• _PROBLEM DETAILS_:
Omitting the pictures, print every line below exactly as it stands.

• _PROVIDED DATA_:
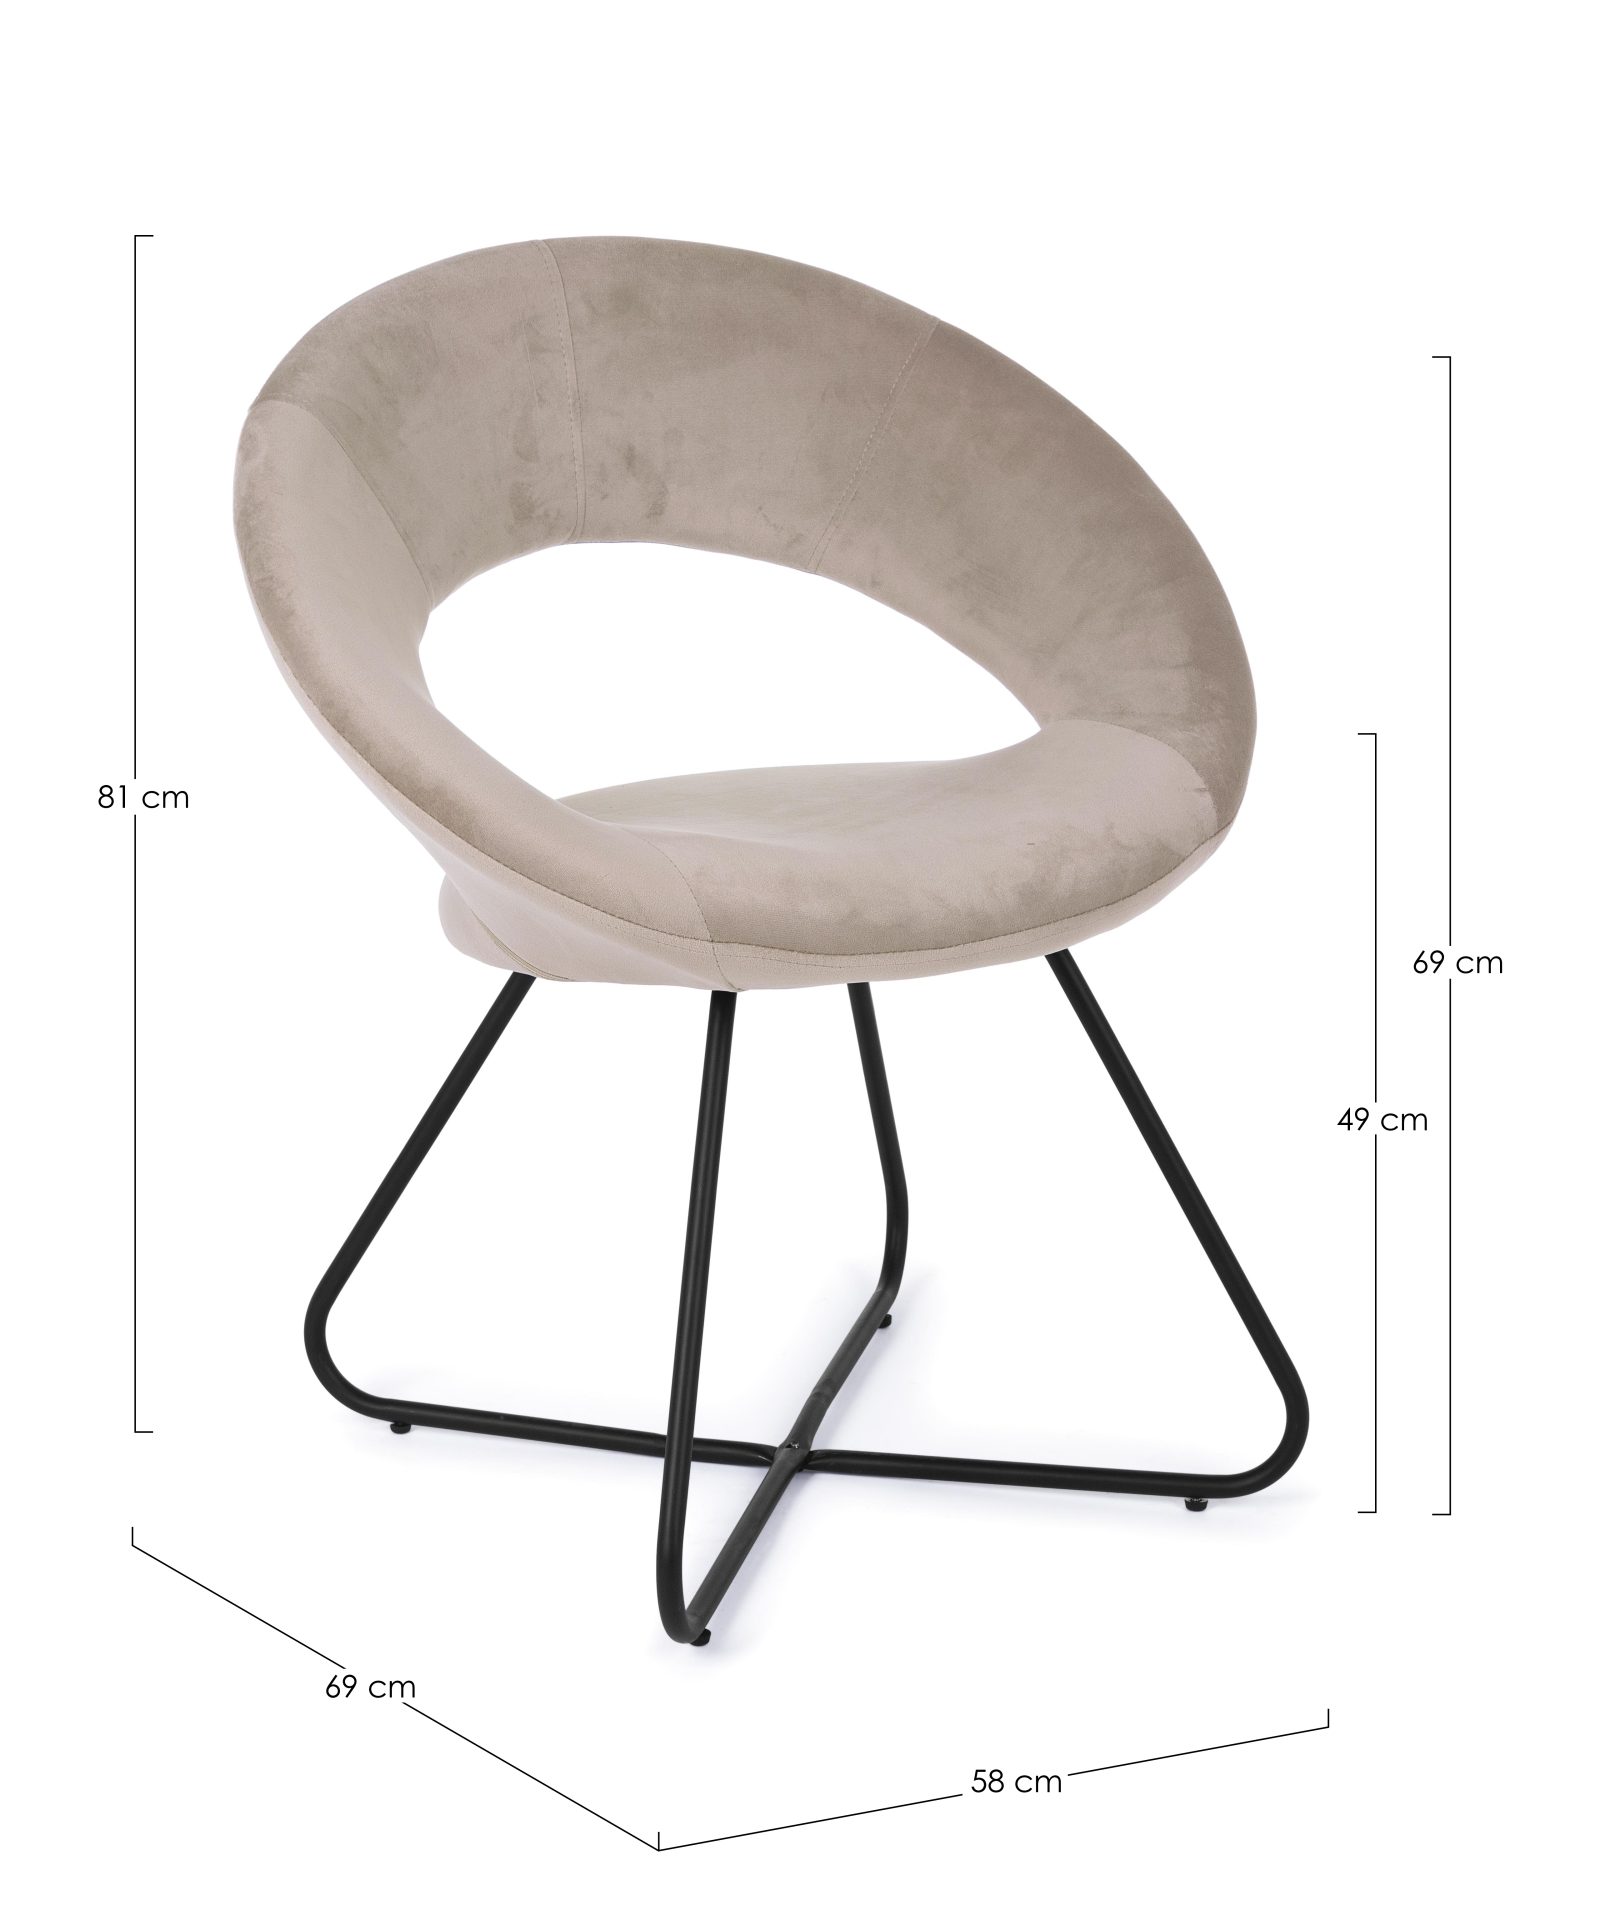 Der Sessel Vanity überzeugt mit seinem modernen Design. Gefertigt wurde er aus Stoff in Samt-Optik, welcher einen Taupe Farbton besitzt. Das Gestell ist aus Metall und hat eine schwarze Farbe. Der Sessel besitzt eine Sitzhöhe von 49 cm. Die Breite beträgt
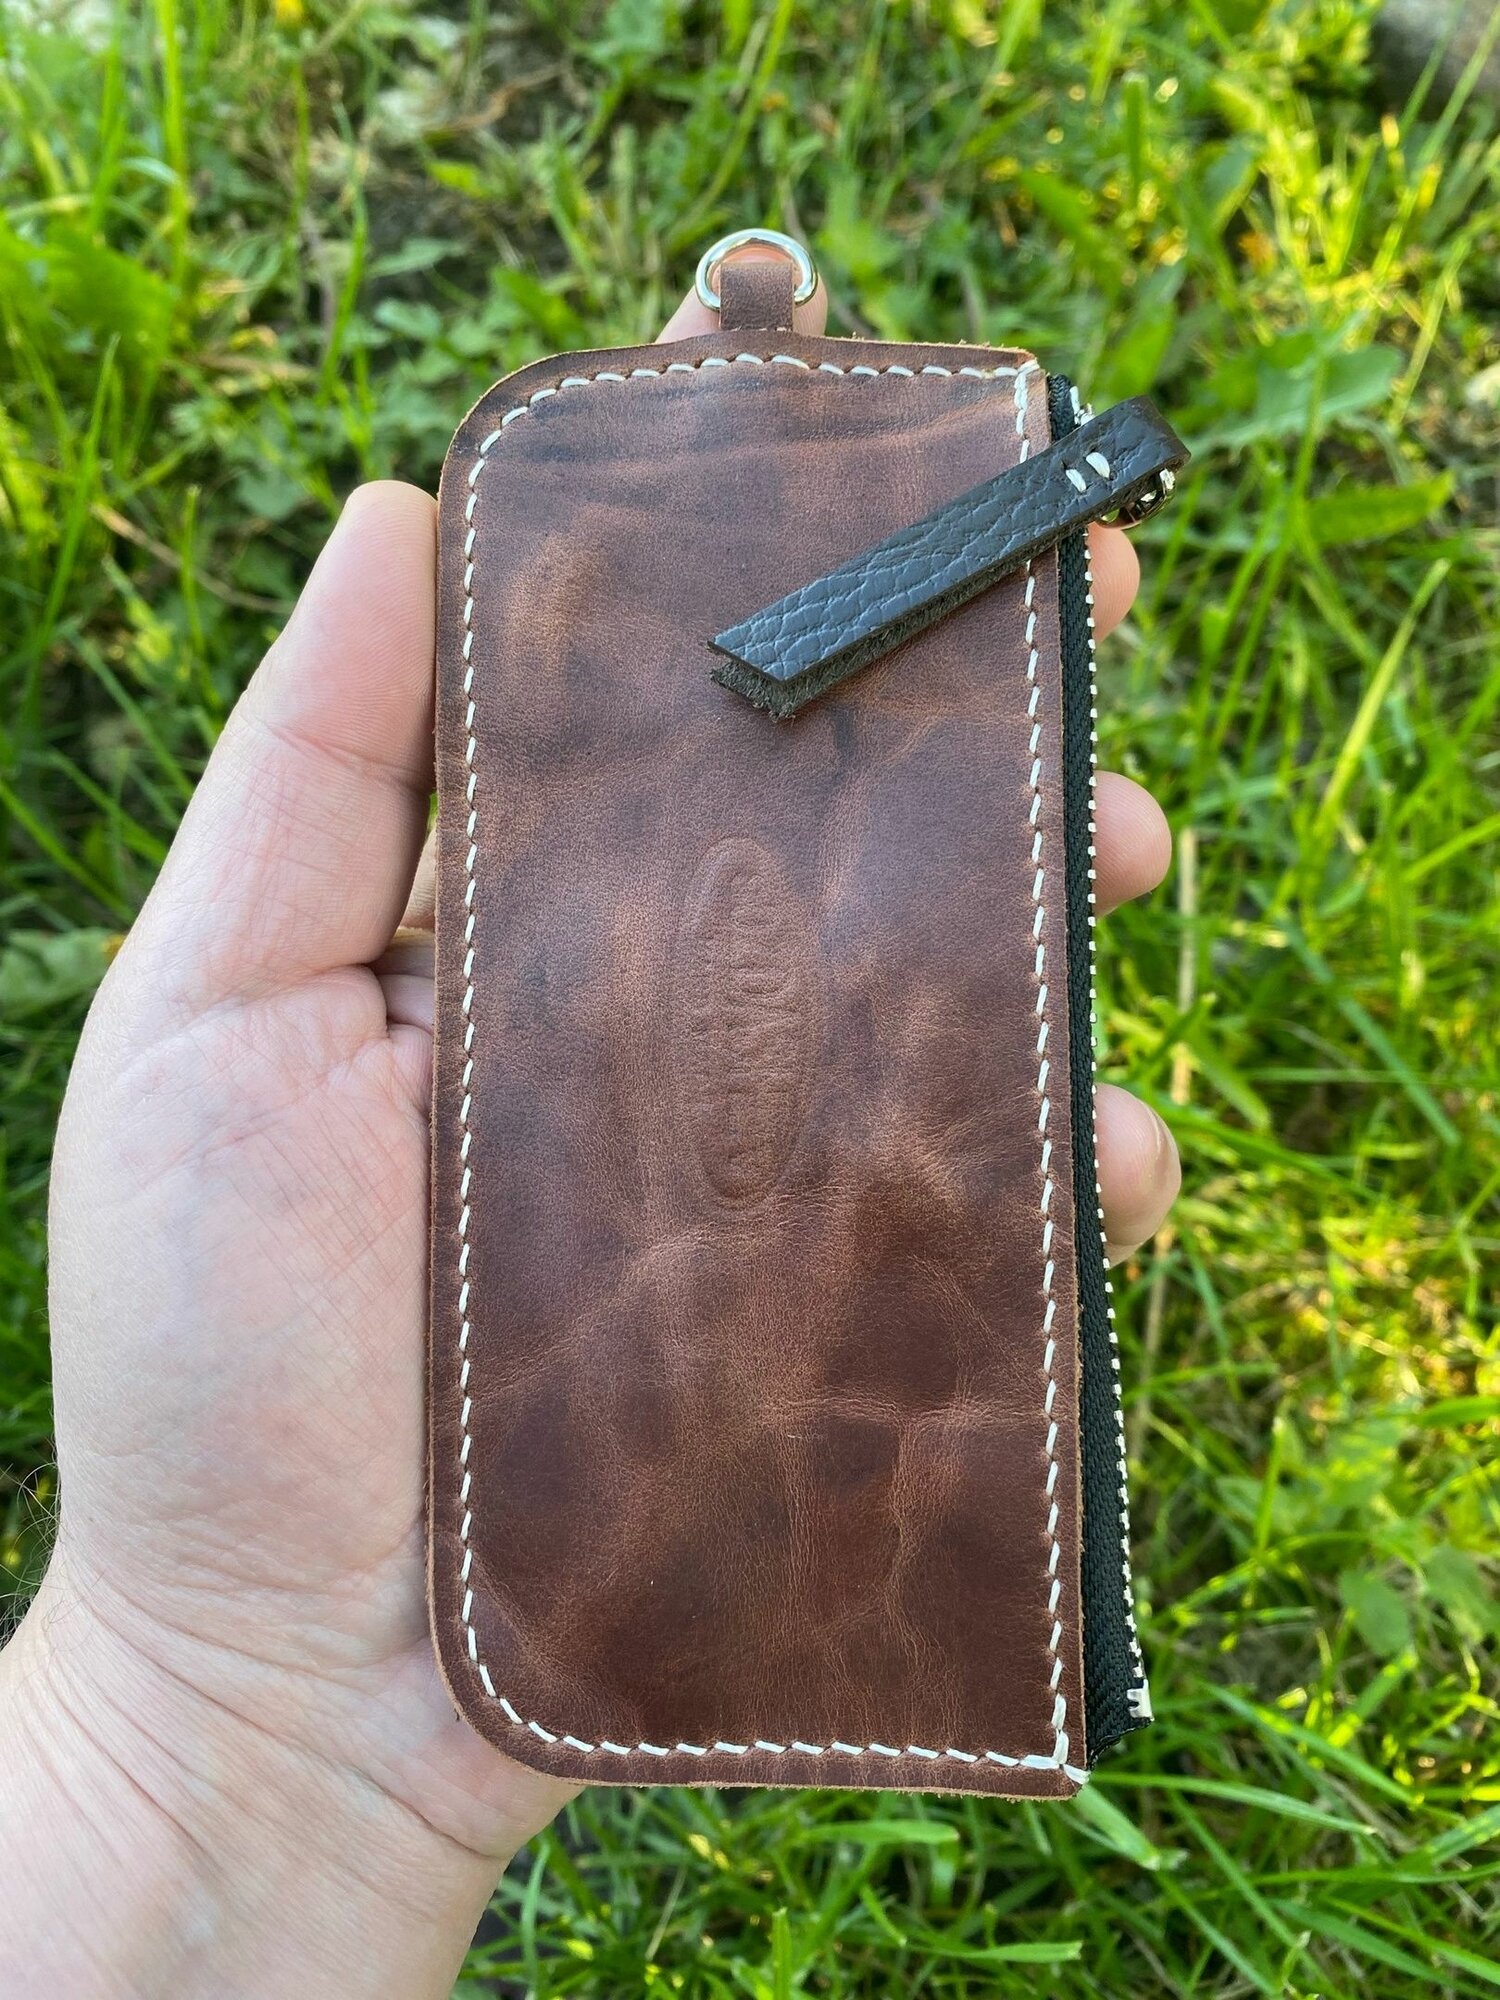 Ключница SOZDASHEV Hand Made Ключница кожаная на молнии карманная коричневая авторская / Монетница из натуральной итальянской кожи ручной работы
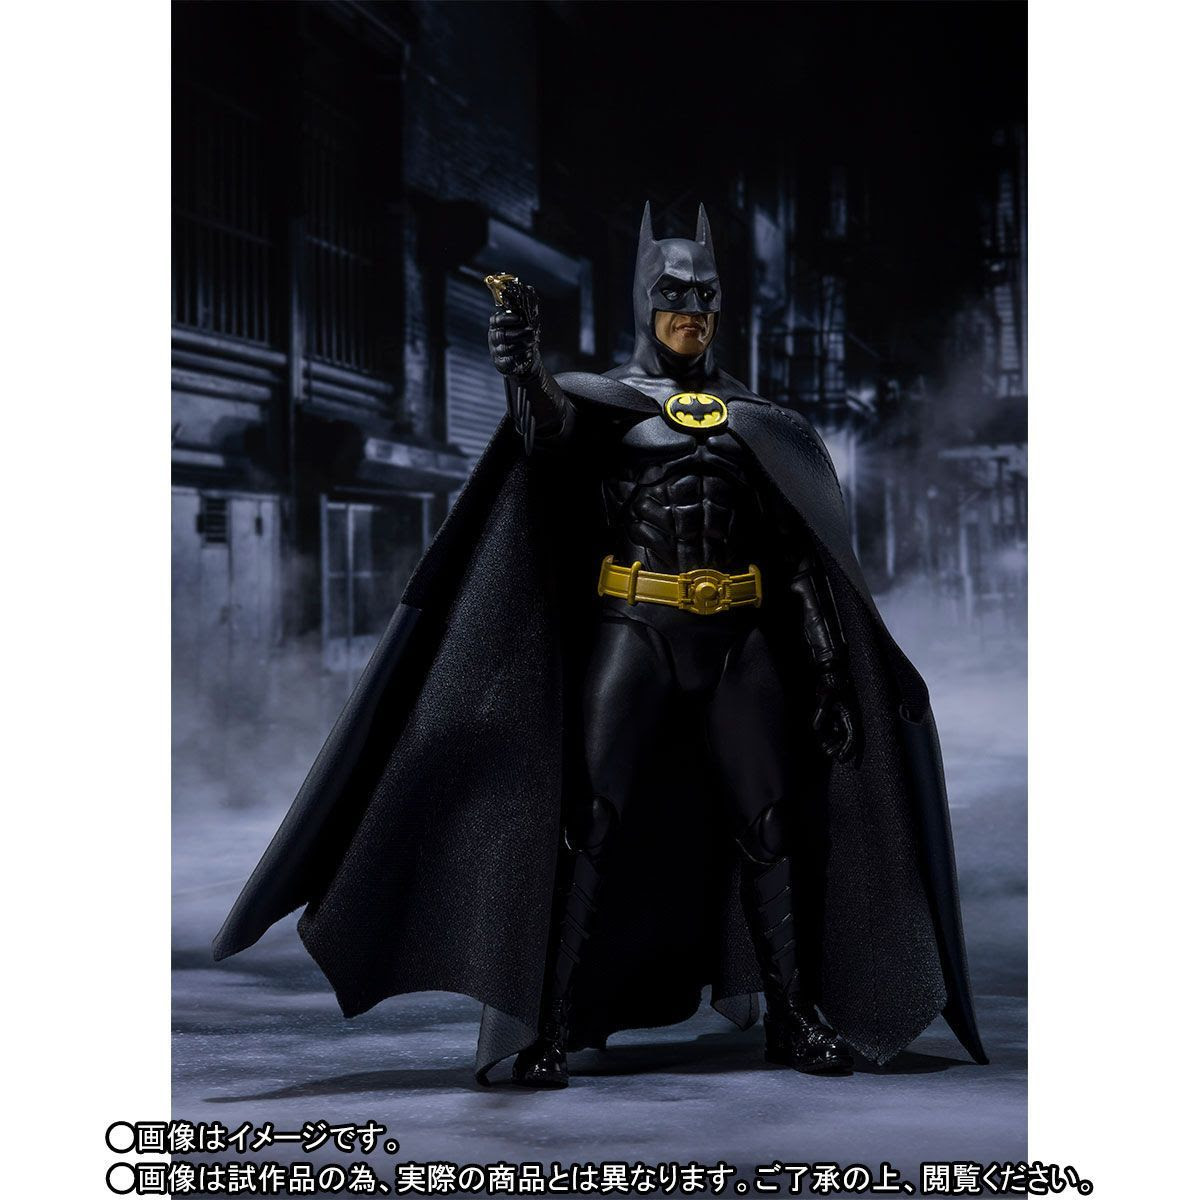 Image of Batman 1989 Batman SH Figuarts Action Figure - OCTOBER 2020

• _THE ANSWER_:
 Der Sessel Vanity überzeugt mit seinem modernen Design. Gefertigt wurde er aus Stoff in Samt-Optik, welcher einen Taupe Farbton besitzt. Das Gestell ist aus Metall und hat eine schwarze Farbe. Der Sessel besitzt eine Sitzhöhe von 49 cm. Die Breite beträgt
 Ключница SOZDASHEV Hand Made Ключница кожаная на молнии карманная коричневая авторская / Монетница из натуральной итальянской кожи ручной работы
 Image of Batman 1989 Batman SH Figuarts Action Figure - OCTOBER 2020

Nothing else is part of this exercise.